Referenced in: none

Automatically associated channels: Cav1.1 , Slo1

Title: KCa1.1 inhibition attenuates fibroblast-like synoviocyte invasiveness and ameliorates disease in rat models of rheumatoid arthritis.

Authors: Mark R Tanner, Xueyou Hu, Redwan Huq, Rajeev B Tajhya, Liang Sun, Fatima S Khan, Teresina Laragione, Frank T Horrigan, Pércio S Gulko, Christine Beeton

Journal, date & volume: , 2015 Jan , 67, 96-106

PubMed link: http://www.ncbi.nlm.nih.gov/pubmed/25252152

Abstract
Fibroblast-like synoviocytes (FLS) participate in joint inflammation and damage in rheumatoid arthritis (RA) and its animal models. The purpose of this study was to define the importance of KCa1.1 (BK, Maxi-K, Slo1, KCNMA1) channel expression and function in FLS and to establish these channels as potential new targets for RA therapy.We compared KCa1.1 expression levels in FLS from rats with pristane-induced arthritis (PIA) and in FLS from healthy rats.
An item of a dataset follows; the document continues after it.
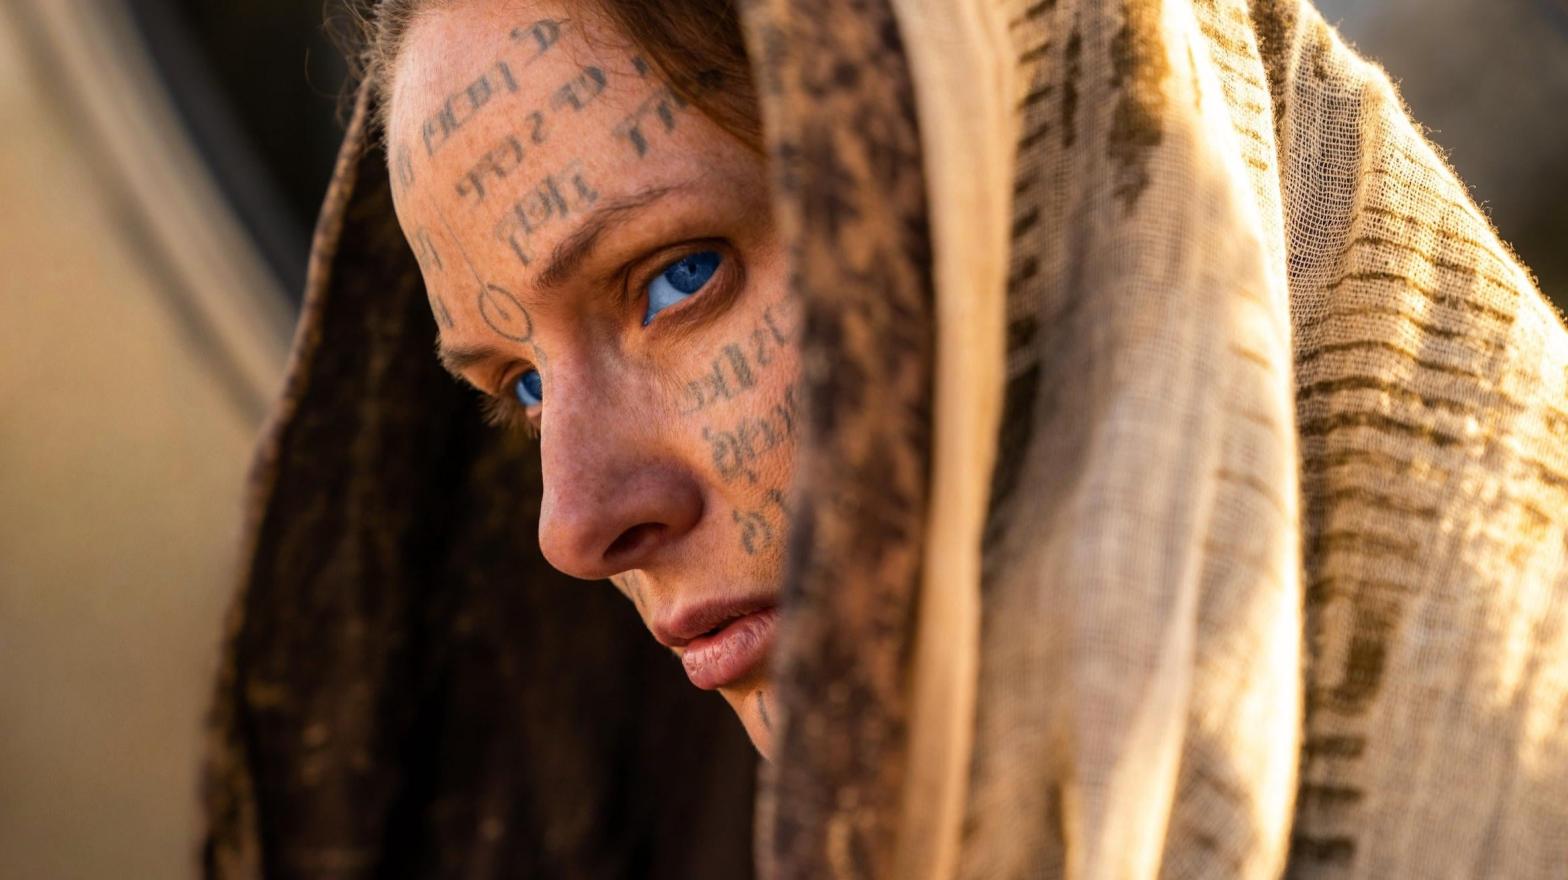 Lady Jessica in the new Dune: Part Two trailer. (Image: Warner Bros.)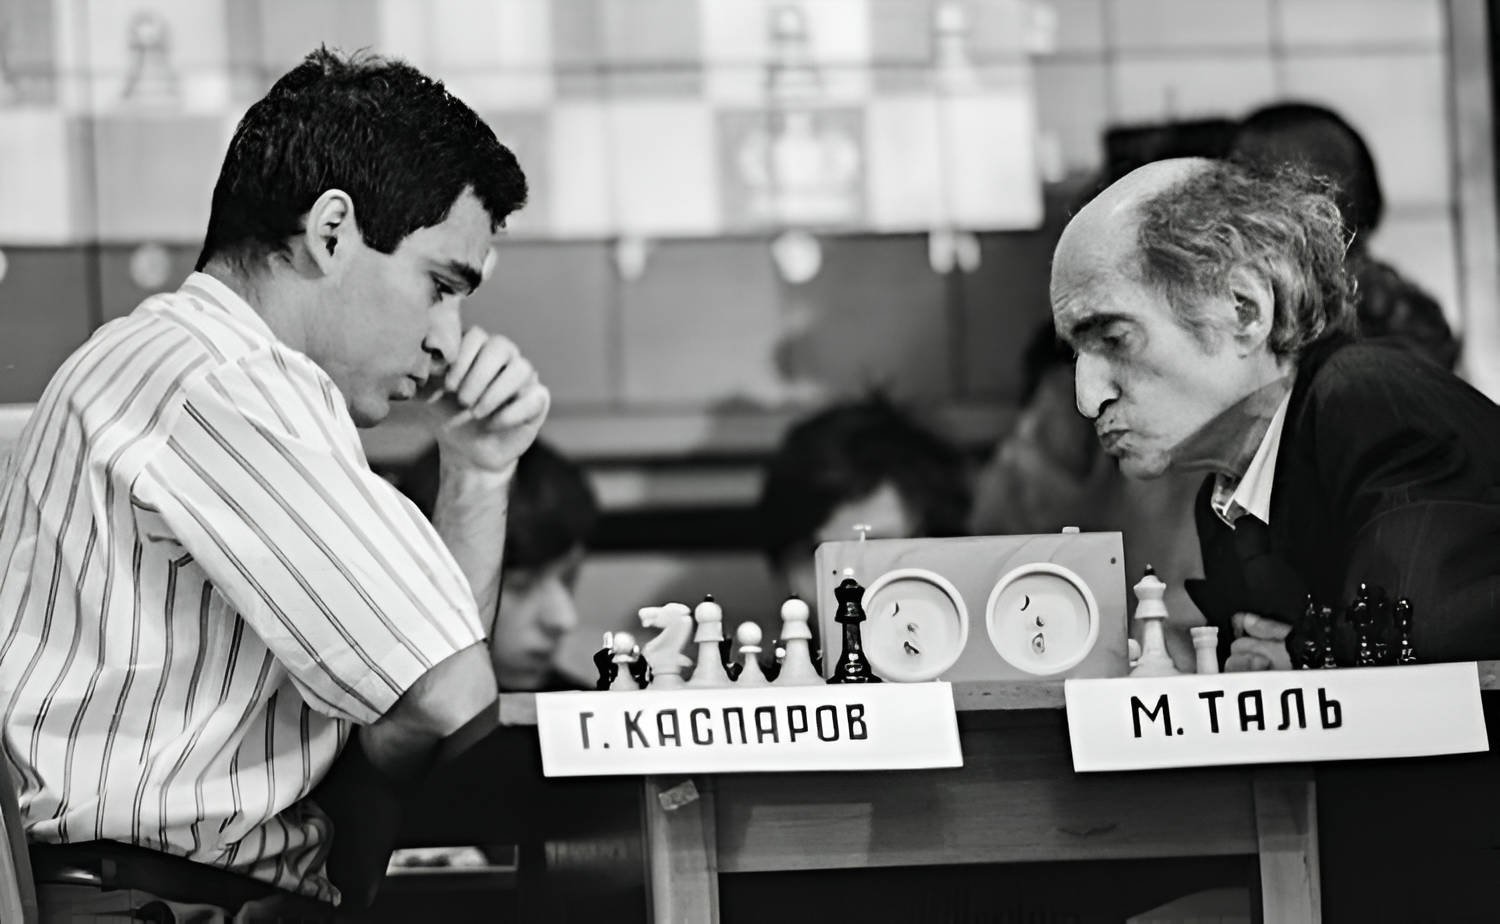 10 year old Garry Kasparov plays Mikhail Tal at a simul in Moscow 25th  March 1974 : r/chess

We then used ex vivo functional assays combined with small interfering RNA-induced knockdown, overexpression, and functional modulation of KCa1.1 in PIA FLS. Finally, we determined the effectiveness of modulating KCa1.1 in 2 rat models of RA, moderate PIA and severe collagen-induced arthritis (CIA).We found that PIA FLS expressed the KCa1.1 channel as their major potassium channel, as has been found in FLS from patients with RA. In contrast, FLS from healthy rats expressed fewer of these channels. Inhibiting the function or expression of KCa1.1 ex vivo reduced proliferation and invasive properties of, as well as protease production by, PIA FLS, whereas opening native KCa1.1 or overexpressing the channel enhanced the invasiveness of both FLS from rats with PIA and FLS from healthy rats. Treatment with a KCa1.1 channel blocker at the onset of clinical signs stopped disease progression in the PIA and CIA models, reduced joint and bone damage, and inhibited FLS invasiveness and proliferation.Our results demonstrate a critical role of KCa1.1 channels in the regulation of FLS invasiveness and suggest that KCa1.1 channels represent potential therapeutic targets in RA.